───── Excerpted records
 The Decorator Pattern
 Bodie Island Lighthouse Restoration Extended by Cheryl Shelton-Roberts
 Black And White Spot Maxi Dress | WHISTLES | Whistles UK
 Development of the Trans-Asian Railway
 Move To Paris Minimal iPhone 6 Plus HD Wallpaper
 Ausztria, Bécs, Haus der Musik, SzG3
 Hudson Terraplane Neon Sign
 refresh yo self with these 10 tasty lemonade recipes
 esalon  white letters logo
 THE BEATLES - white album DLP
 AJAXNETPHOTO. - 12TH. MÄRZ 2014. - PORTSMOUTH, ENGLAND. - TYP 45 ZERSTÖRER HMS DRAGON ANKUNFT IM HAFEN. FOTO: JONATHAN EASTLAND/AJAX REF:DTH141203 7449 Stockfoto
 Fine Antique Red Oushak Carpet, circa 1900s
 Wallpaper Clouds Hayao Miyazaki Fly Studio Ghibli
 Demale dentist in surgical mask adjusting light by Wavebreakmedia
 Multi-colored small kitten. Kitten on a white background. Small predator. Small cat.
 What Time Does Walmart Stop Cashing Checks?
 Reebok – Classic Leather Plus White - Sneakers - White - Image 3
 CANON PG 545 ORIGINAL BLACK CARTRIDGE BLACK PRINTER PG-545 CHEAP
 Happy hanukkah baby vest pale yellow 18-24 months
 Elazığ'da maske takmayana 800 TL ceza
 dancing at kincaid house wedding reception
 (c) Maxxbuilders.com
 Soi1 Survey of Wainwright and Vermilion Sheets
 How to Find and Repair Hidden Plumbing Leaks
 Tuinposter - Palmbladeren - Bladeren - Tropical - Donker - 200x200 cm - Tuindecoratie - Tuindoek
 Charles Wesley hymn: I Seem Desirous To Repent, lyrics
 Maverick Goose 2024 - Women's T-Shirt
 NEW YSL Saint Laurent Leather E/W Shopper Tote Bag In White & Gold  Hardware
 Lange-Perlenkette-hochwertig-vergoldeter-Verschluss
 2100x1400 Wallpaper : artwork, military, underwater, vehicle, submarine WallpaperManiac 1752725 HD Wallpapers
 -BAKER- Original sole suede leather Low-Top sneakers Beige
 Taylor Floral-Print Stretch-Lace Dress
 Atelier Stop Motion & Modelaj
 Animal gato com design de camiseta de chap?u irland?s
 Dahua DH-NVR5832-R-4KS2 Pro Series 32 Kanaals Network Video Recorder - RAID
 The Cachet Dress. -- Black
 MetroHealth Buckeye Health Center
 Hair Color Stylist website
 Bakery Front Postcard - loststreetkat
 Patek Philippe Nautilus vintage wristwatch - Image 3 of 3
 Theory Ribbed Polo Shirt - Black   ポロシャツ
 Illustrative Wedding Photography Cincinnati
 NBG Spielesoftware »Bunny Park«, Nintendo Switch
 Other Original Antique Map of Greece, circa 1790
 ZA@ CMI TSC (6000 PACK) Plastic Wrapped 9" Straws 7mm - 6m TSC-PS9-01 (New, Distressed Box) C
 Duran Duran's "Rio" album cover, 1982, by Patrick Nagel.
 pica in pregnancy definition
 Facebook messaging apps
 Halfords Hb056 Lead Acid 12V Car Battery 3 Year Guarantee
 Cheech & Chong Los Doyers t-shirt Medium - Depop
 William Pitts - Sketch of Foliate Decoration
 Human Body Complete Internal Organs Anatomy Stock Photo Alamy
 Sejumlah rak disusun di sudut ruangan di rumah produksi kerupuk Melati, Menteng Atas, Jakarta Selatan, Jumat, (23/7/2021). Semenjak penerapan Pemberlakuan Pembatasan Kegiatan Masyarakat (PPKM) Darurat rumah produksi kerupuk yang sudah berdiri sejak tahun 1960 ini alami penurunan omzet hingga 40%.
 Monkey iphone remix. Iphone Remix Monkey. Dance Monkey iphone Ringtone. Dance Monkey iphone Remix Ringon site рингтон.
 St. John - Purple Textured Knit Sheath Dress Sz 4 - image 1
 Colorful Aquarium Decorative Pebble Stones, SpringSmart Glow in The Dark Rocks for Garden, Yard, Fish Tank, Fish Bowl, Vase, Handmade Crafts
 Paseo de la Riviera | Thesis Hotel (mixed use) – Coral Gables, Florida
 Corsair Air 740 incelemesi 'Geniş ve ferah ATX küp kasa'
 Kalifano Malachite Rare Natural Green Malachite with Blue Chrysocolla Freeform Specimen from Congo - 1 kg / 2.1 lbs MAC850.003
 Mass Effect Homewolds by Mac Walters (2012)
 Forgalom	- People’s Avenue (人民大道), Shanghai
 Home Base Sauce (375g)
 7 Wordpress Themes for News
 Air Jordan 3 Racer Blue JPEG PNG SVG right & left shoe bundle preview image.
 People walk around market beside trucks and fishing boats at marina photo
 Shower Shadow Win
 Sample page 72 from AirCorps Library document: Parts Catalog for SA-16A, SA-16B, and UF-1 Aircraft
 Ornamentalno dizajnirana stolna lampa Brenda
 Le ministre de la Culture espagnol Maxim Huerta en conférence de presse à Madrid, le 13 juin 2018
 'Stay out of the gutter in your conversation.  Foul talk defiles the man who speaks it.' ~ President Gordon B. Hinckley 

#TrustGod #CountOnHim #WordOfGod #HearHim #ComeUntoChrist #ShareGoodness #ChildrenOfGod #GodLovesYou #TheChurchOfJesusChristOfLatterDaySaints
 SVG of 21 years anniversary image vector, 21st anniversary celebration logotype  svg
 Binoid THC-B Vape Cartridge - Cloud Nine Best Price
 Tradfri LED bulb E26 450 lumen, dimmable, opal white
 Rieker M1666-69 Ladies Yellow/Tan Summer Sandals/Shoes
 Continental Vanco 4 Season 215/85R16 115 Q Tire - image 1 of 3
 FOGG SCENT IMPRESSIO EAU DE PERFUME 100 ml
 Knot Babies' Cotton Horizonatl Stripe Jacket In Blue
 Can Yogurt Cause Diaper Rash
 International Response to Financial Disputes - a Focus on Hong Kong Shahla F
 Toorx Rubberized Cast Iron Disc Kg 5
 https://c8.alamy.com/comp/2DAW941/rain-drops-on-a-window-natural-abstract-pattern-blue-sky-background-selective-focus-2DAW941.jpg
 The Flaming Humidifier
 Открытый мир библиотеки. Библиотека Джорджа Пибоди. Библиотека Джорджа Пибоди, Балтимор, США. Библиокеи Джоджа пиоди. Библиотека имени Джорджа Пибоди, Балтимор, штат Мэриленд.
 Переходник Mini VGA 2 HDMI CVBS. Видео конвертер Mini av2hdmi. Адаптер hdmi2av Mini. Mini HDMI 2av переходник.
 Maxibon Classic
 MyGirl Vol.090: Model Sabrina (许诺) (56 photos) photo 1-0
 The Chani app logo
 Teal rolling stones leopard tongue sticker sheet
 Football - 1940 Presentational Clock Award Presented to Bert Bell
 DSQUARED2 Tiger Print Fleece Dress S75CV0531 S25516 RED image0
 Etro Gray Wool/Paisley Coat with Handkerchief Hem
──────────
• Work instructions:
Copy range, inclusive: the line holding "Toorx Rubberized Cast Iron Disc Kg 5" to the line holding "The Flaming Humidifier". Reproduce exactly those lines of the records above and no others.

• Result of the exercise:
 Toorx Rubberized Cast Iron Disc Kg 5
 https://c8.alamy.com/comp/2DAW941/rain-drops-on-a-window-natural-abstract-pattern-blue-sky-background-selective-focus-2DAW941.jpg
 The Flaming Humidifier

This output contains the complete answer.